Soluble and Cell Wall-Associated β-Galactosidases from Cold-Grown Winter Rape ( Brassica napus L., var. oleifera L.) Leaves

Abstract

Summary Soluble and cell wall associated (solubilized from cell wall preparations by 0.5 M NaCl) β-galactosidases were found in non-acclimated or cold-acclimated leaves of winter rape (Brassica napus L., var.
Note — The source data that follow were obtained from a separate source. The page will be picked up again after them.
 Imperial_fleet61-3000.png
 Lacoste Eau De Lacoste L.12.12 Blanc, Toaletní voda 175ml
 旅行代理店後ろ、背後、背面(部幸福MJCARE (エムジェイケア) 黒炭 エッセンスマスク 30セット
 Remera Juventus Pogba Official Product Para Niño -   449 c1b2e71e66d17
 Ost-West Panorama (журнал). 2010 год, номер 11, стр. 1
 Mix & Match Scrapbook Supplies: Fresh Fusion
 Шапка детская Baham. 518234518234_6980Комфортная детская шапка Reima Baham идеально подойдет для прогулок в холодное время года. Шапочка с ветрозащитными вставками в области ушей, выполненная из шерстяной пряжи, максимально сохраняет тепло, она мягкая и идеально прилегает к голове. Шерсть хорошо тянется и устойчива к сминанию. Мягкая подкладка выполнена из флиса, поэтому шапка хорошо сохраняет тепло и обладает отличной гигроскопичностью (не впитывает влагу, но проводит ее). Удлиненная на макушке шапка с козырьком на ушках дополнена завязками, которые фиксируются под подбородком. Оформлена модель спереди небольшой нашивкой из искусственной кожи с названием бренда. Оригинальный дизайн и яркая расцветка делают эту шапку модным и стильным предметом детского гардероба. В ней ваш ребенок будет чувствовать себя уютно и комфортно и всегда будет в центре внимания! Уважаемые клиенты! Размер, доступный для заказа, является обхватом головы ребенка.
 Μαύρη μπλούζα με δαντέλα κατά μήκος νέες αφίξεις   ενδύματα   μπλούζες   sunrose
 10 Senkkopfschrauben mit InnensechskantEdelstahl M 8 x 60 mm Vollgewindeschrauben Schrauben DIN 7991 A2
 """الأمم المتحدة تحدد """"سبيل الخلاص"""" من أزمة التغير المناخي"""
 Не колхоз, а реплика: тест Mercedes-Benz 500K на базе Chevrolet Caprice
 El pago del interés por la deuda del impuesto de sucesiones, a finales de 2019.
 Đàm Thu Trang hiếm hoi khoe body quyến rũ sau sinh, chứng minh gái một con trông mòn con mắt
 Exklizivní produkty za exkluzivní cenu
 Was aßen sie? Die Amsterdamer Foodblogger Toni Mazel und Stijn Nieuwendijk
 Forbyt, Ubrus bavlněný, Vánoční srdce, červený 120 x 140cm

L. [itoleifera} L.). Gel filtration of soluble proteins on a Sephadex G-200 column revealed one fraction with β-galactosidase activity with a molecular weight close to 65 kDa. The temperature optimum for soluble and cell wall-associated β-galactosidases was 50 °C and 55 °C, respectively. The cell wall associated form showed higher thermostability at 60 °C. Both fractions had a similar pH optimum of 4.0. The Km against p-nitrophenyl β-D-galactopyranoside was 0.25 mM and 50 mM and the Vmax values 2.80 and 1.42 μmol (mg protein)-1 min-1 for the cell wall-associated and soluble form, respectively. The 3-week growth of plants in the cold (2 °C) brought about a 22 % and 38 % decrease in the total and specific activities of the soluble form, respectively. The activity of the cell wall-associated form decreased by ca. 70 % during the treatment, independently of the calculation basis. The cold-induced decrease in the enzyme activities was associated with the increase of the Km value for the soluble form and with the decrease of Vmax values for both soluble and wall-associated enzymes. The transient frost (-5 °C for 18 h followed by 6 h at 2 °C), applied in darkness, markedly stimulated the activity of the cell wall-associated enzyme in the cold-acclimated leaves. It resulted in decreased Km and increased Vmax values for both soluble and cell wall-associated forms. The possible meaning of cold- and frost-induced changes in the β-galactosidase activities for cold acclimation of winter rape leaves is discussed.